Post-traumatic malunion is one of the main causes of kyphosis and usually has serious consequences. We report a case of kyphosis caused by an old AO type B2.3 thoracic fracture, which was corrected with posterior hemivertebra resection and reconstruction.
A 41-year-old male was diagnosed with kyphosis caused by an old AO type B2.3 thoracic fracture. Preoperative examination and preparation were performed. His exam images showed a comminuted fracture in the left half of the T12 vertebral body, while chance-type fractures were seen in the right half of T12 vertebral body and its accessories. During the operation, posterior hemivertebra resection and reconstruction techniques were used to remove nearly half of the left vertebral body of the affected vertebra, preserve the right vertebral body and the facet joints of the affected vertebra, correct the kyphosis, and rebuild spinal stability. The patient's low back pain was completely relieved, and his thoracic kyphosis was corrected at the seventh post-operative day.

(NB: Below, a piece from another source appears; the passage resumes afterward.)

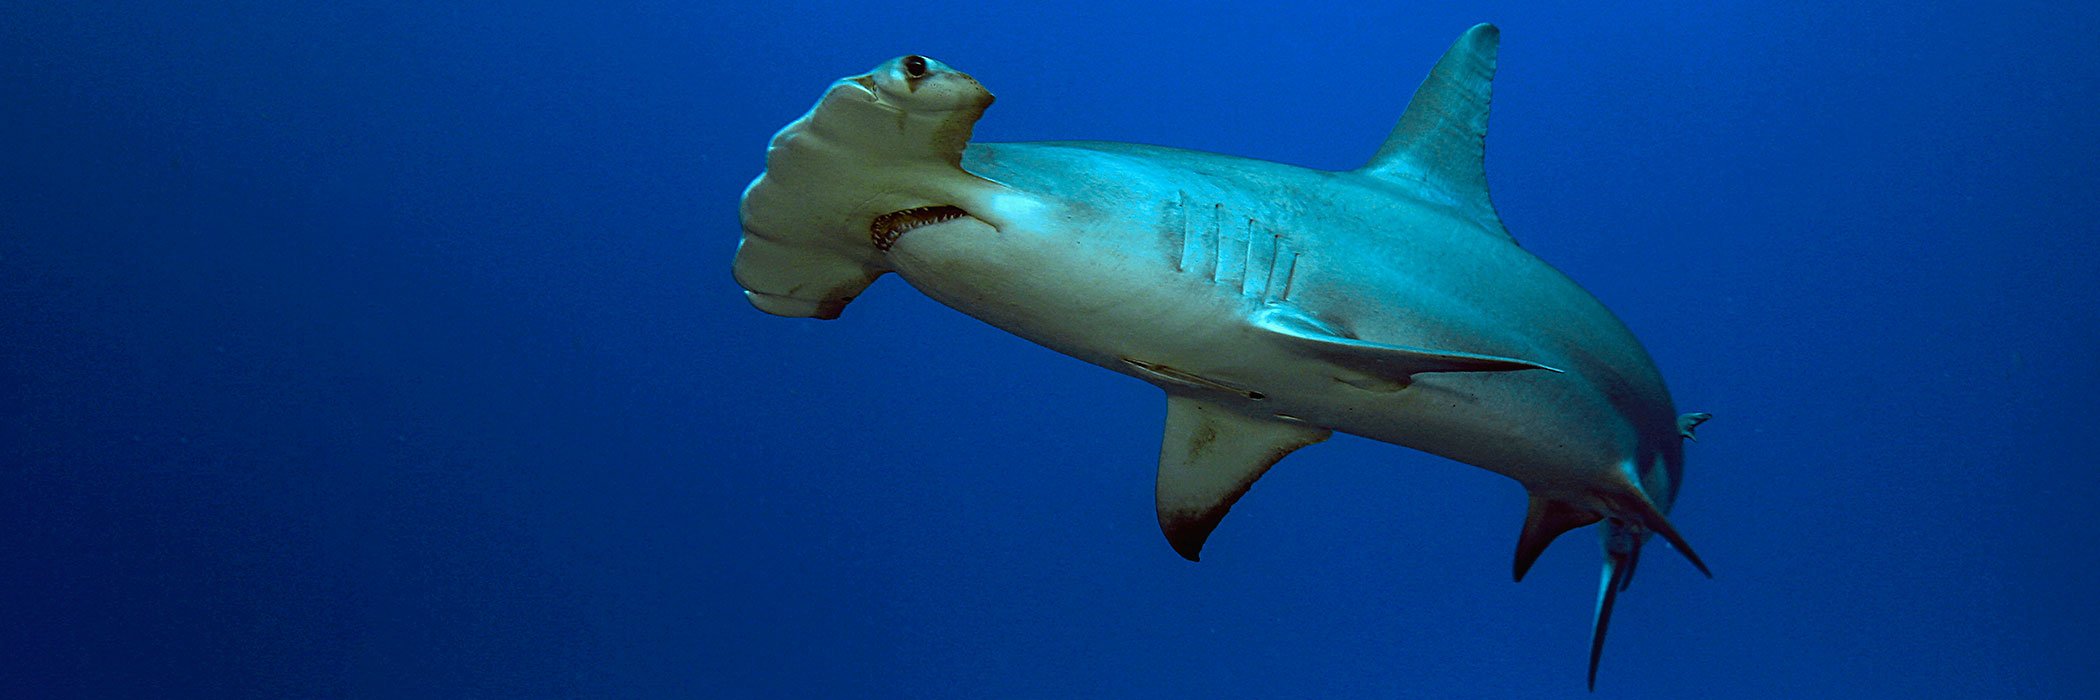 Great hammerhead shark, Bahamas Bank
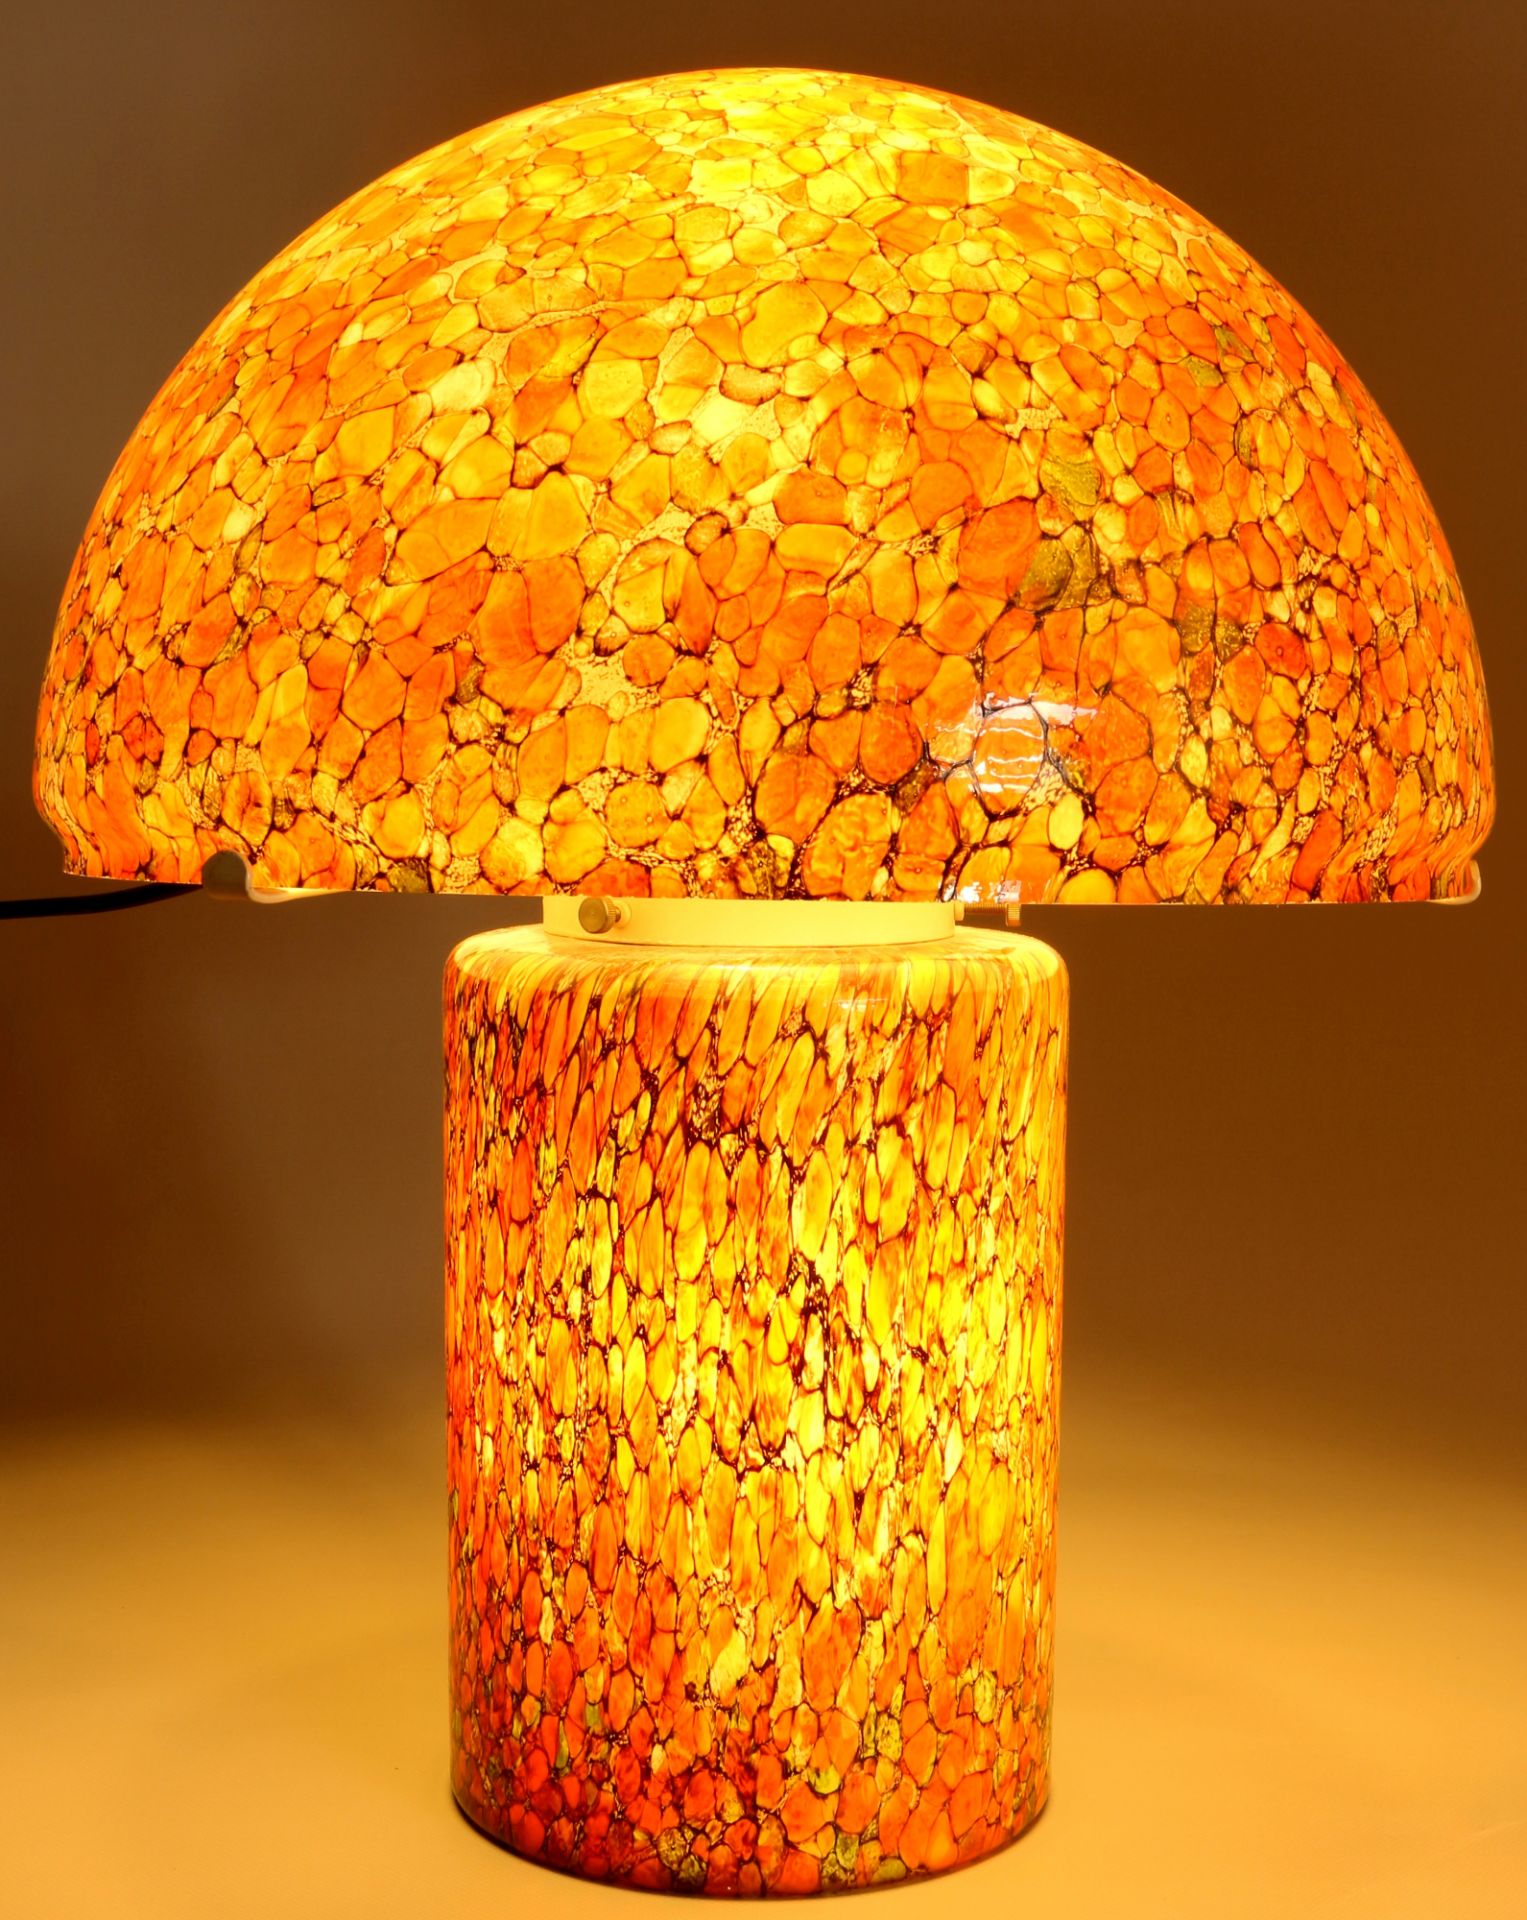 Peill & Putzler Pilz-Tischlampe 1970er Jahre, vintage mushroom table lamp 70s design,

CT reconstruction of the spine showed that the residual vertebrae healed well during his nine- and 18-month follow-ups. Continuous callus formation was observed inside and outside of the titanium cage at the reconstructed site, and there was no sign of subsidence of the titanium cage. The heights between the vertebrae were restored to within normal ranges and the physiological curvature of the thoracolumbar spine was achieved. The patient recovered well.
This operation preserved the hemivertebral body and facet joints, and maintains intervertebral height and local stability, thus avoiding titanium cage collapse, titanium cage movement, and other complications. This surgical approach is ideal for treating complex thoracic vertebral kyphosis caused by old fractures, and is worth utilizing in the clinic.